California has adopted the Supreme Court’s three-step burden shifting test for discrimination claims set forth in McDonnell Douglas Corporation v. Green, 411 U.S. 792, 93 S.Ct. 1817, 36 L.Ed.2d 668 (1973). See Guz v. Bechtel Nat’l, Inc., 24 Cal.4th 317, 100 Cal.Rptr.2d 352, 8 P.3d 1089, 1113 (Cal.2000). Plaintiff must first establish a prima facie case of age discrimination by providing evidence that: “(1) he was a member of a protected class, (2) he was qualified for the position he sought or was performing competently in the position he held, (3) he suffered an adverse employment action, such as termination, demotion, or denial of an available job, and (4) some other circumstance suggests discriminatory motive.” Id. If the plaintiff establishes this prima facie case, the employer must rebut the presumption of age discrimination that arises by presenting a legitimate, nondiseriminatory reason for the adverse action. Id. at 1114; Reeves v. MV Transp., Inc., 186 Cal.App.4th 666, 111 Cal.Rptr.3d 896, 902 (Ct.App.2010).

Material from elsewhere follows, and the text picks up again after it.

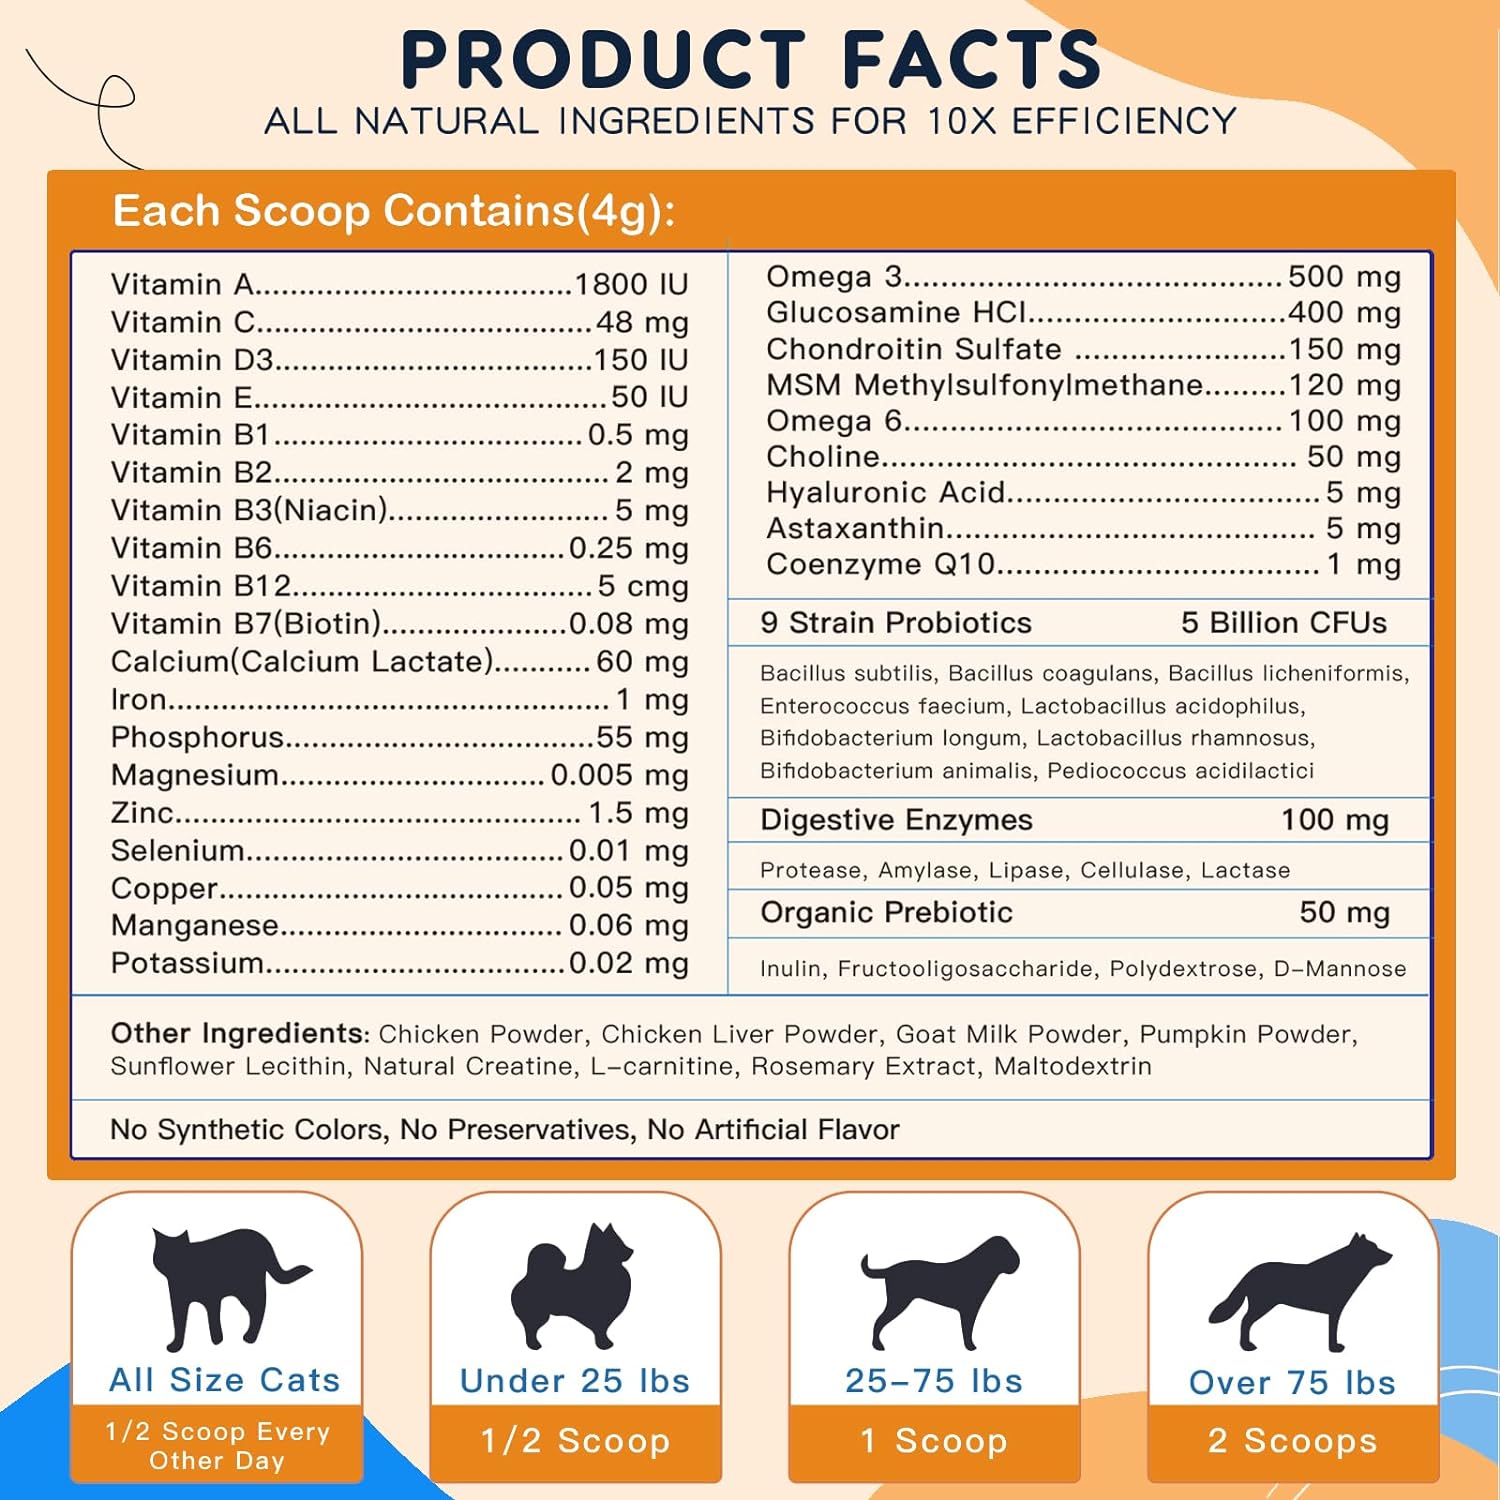 Zebora Dog Multivitamin Powder with Glucosamine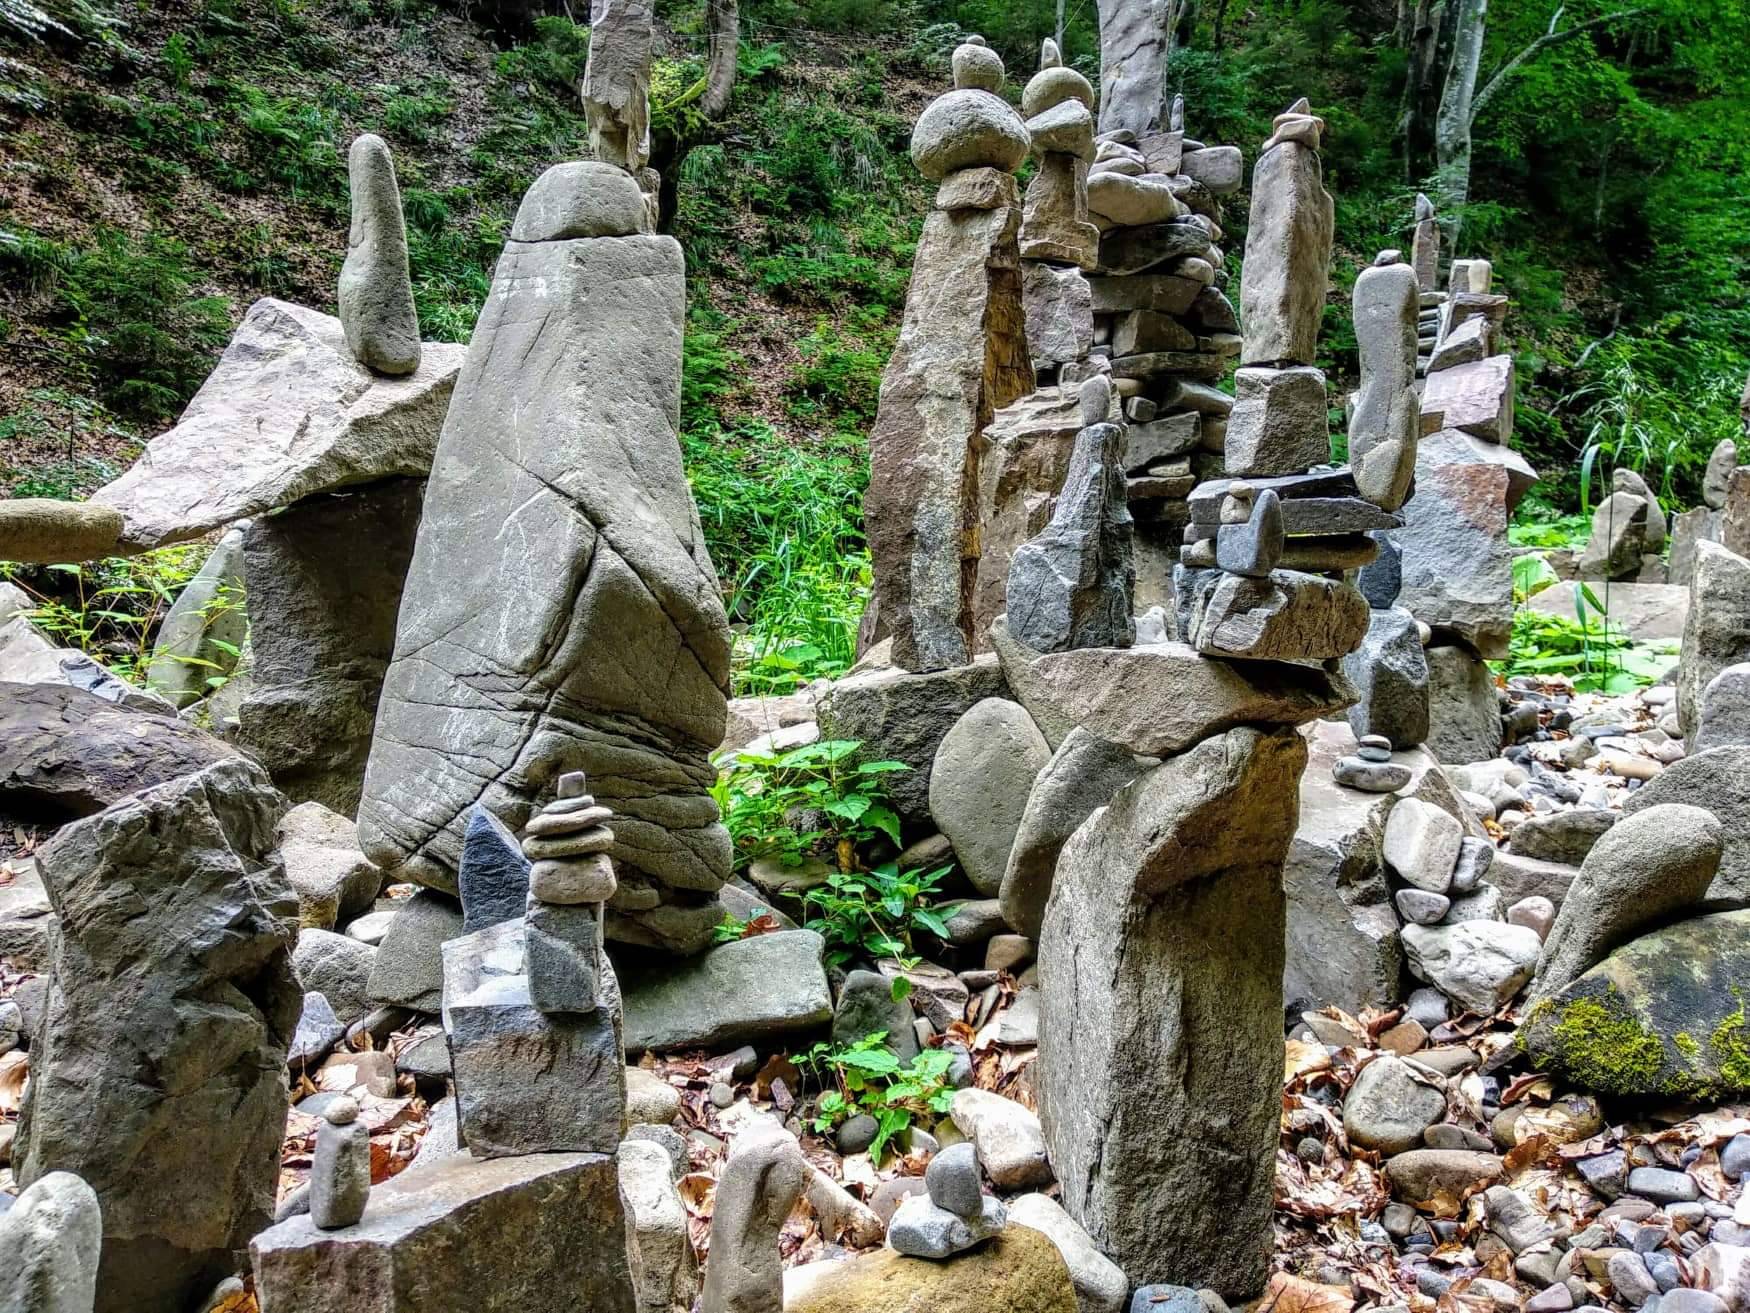 Stone inhabitants of the stone town

“If the employer sustains this burden, the presumption of discrimination disappears.” Guz, 100 Cal.Rptr.2d 352, 8 P.3d at 1114. To defeat a summary judgment motion, the “employee must then offer substantial evidence that the employer’s stated nondiseriminatory reason for the adverse action was untrue or pretextual, or evidence the employer acted with a discriminatory animus, or a combination of the two, such that a reasonable trier of fact could conclude the employer engaged in intentional discrimination.” MV Transp., Inc., Ill Cal.Rptr.3d at 902 (internal quotation marks and citations omitted).

Here, Plaintiff introduced evidence sufficient to make out a prima facie case of age discrimination, because (1) he was over the age of 40, and thus a member of a protected class, (2) he was qualified for the restructured Santa Barbara Area Manager position, (3) he was laid off, and (4) Hertz retained two managers aged 31 to the restructured positions.

However, Hertz was able to rebut the presumption of age discrimination based on Hertz’s restructuring model that focused on factors such as (1) Plaintiffs performance and experience in comparison with other employees, (2) geographic considerations, and (3) the most efficient span of control for managers.

Therefore, the burden again shifted to Plaintiff to introduce specific and substantial evidence that Hertz’s business reasons were pretextual or untrue. The district court correctly found that Plaintiff failed to meet this burden, because Plaintiff did not provide specific and substantial evidence of age discrimination. See Godwin v. Hunt Wesson, Inc., 150 F.3d 1217, 1222 (9th Cir.1998).

AFFIRMED.

This disposition is not appropriate for publication and is not precedent except as provided by 9th Cir. R. 36-3.